_Given material_
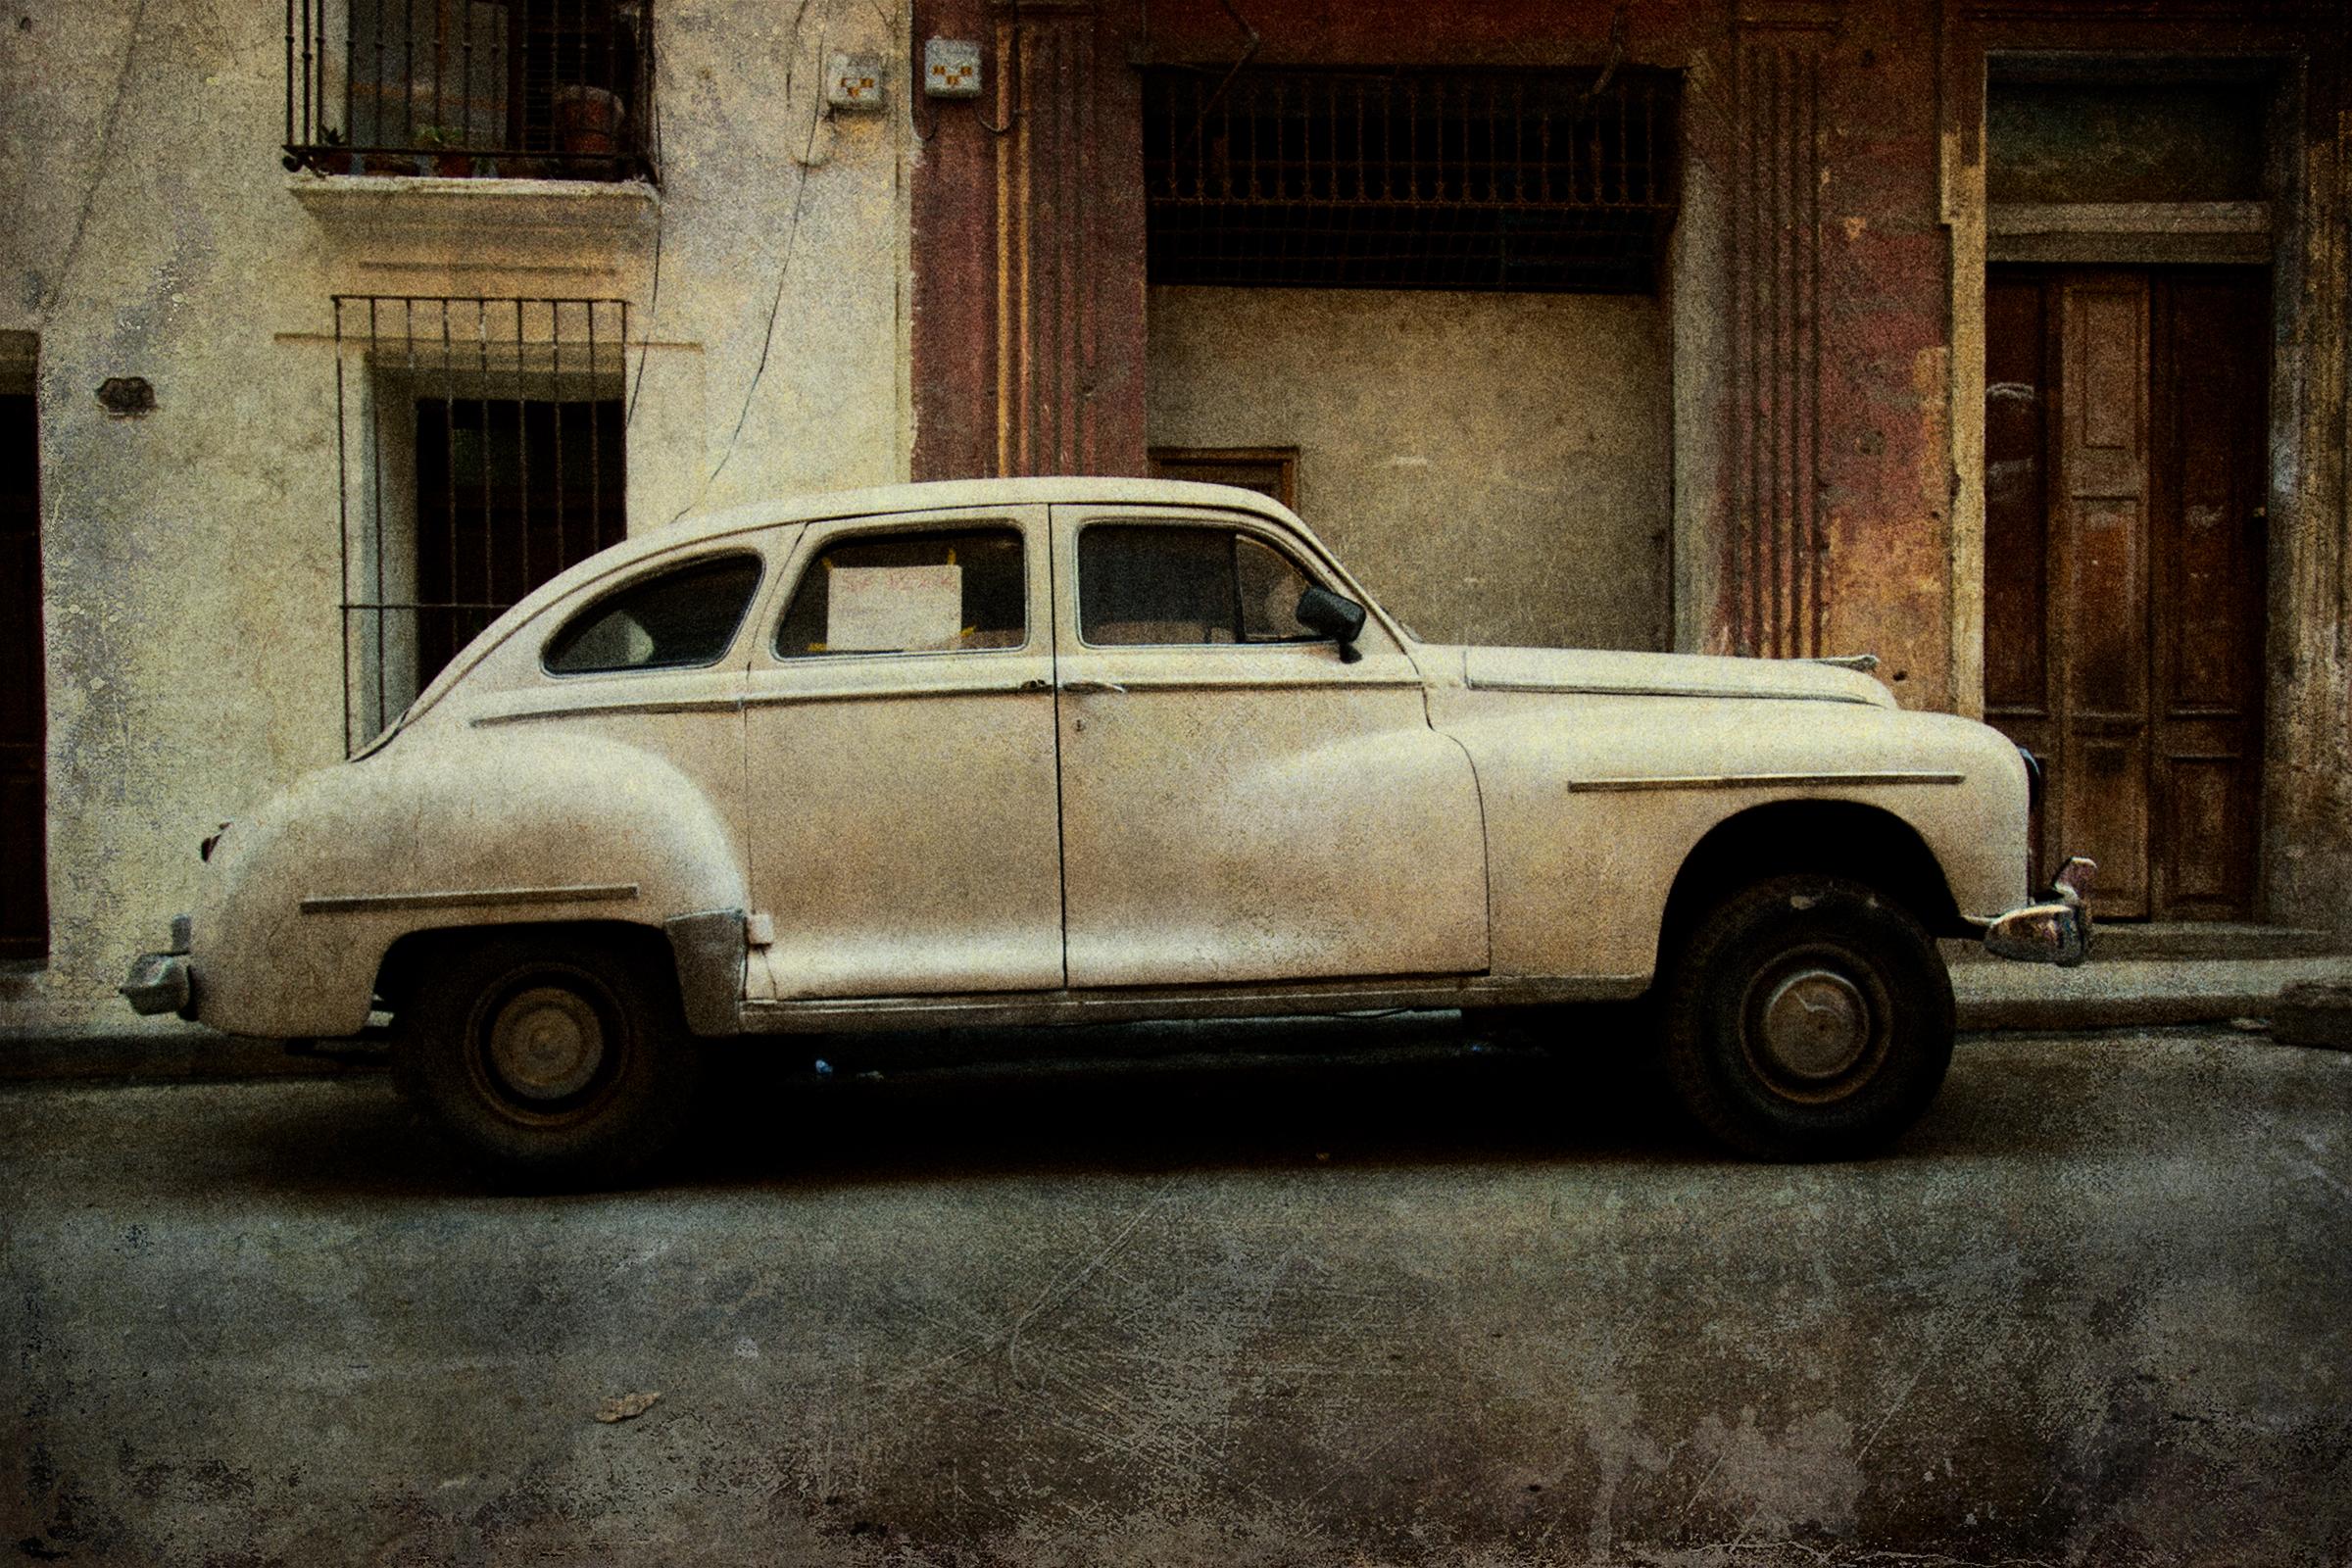 White Car #1
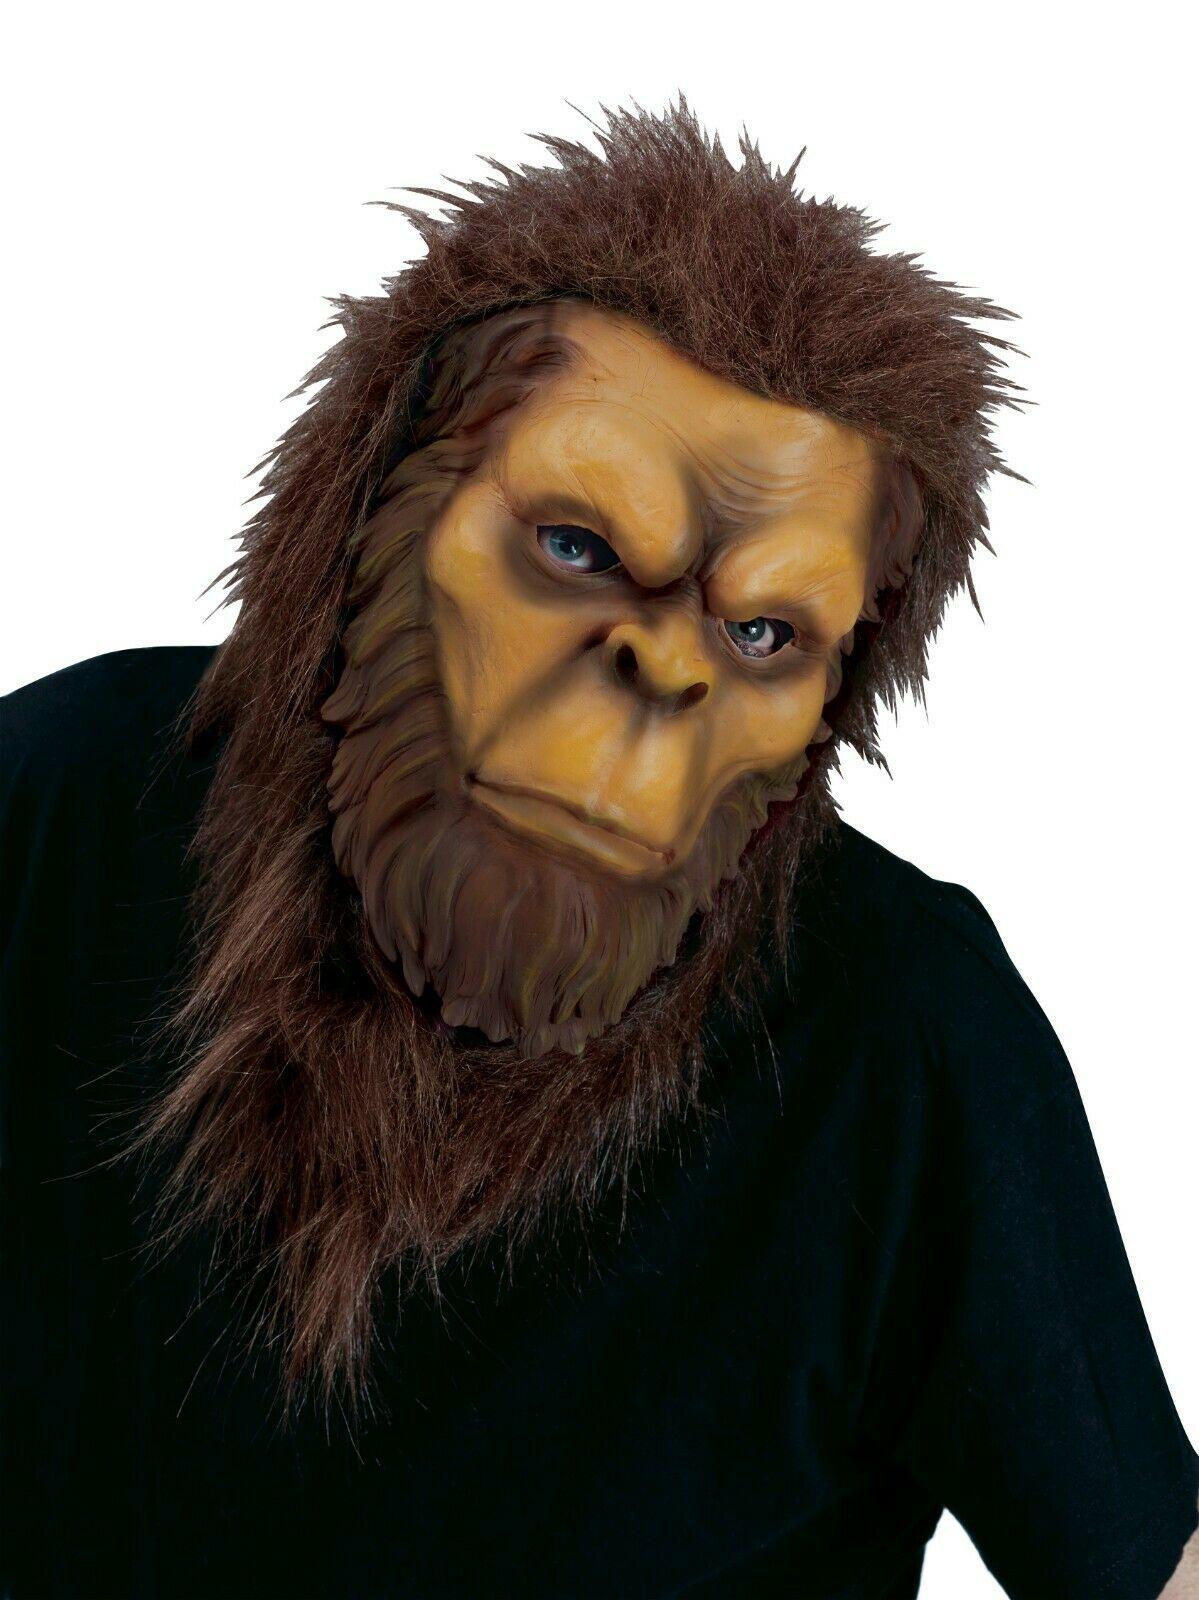 Fun World Big Foot Animal Mask Adult Unisex Halloween Costume Accessory 8546BF
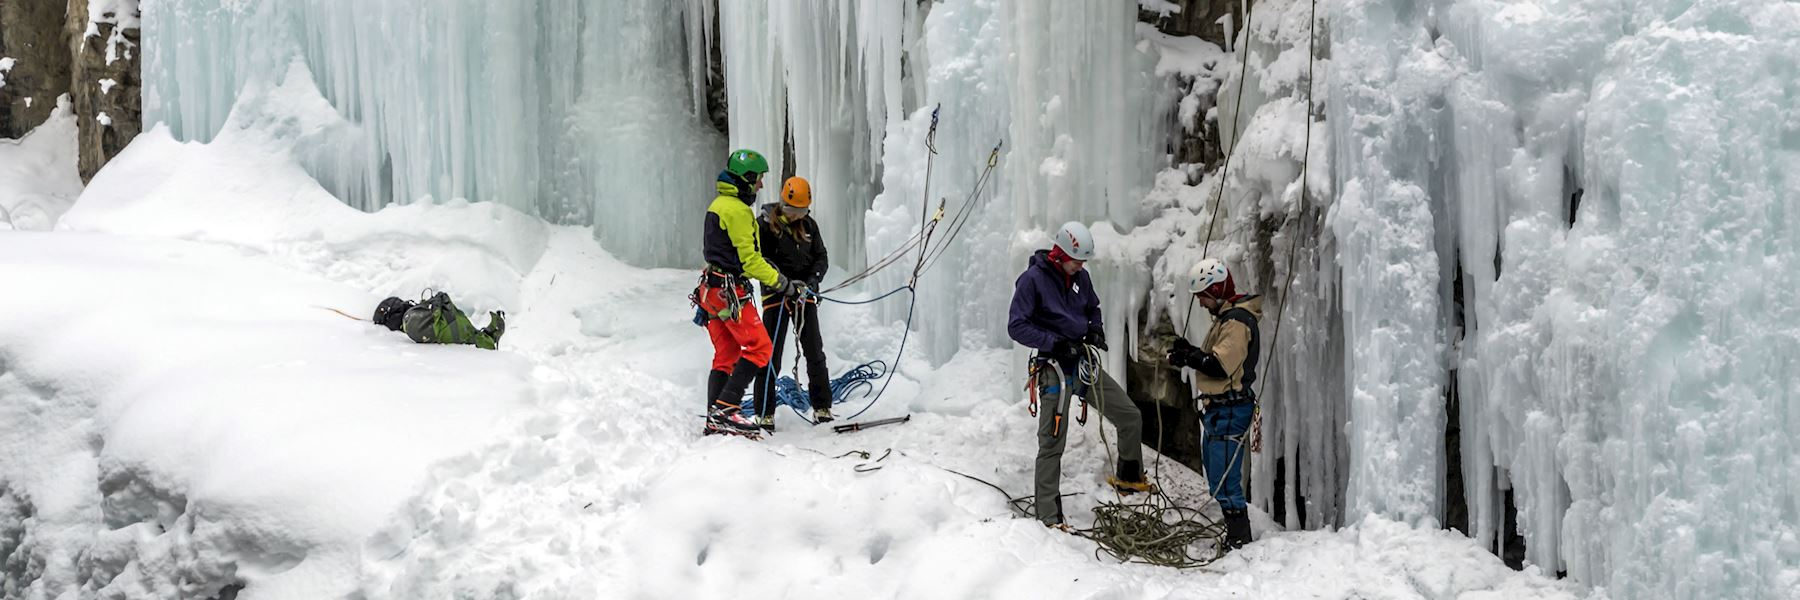 Frozen waterfall ice climbing experience

_Goal of the exercise_
Give the lines from the one containing "Fun World Big" through the final line of the material again, exactly and in full, but without pictures.

_Answer space_
 Fun World Big Foot Animal Mask Adult Unisex Halloween Costume Accessory 8546BF
 Frozen waterfall ice climbing experience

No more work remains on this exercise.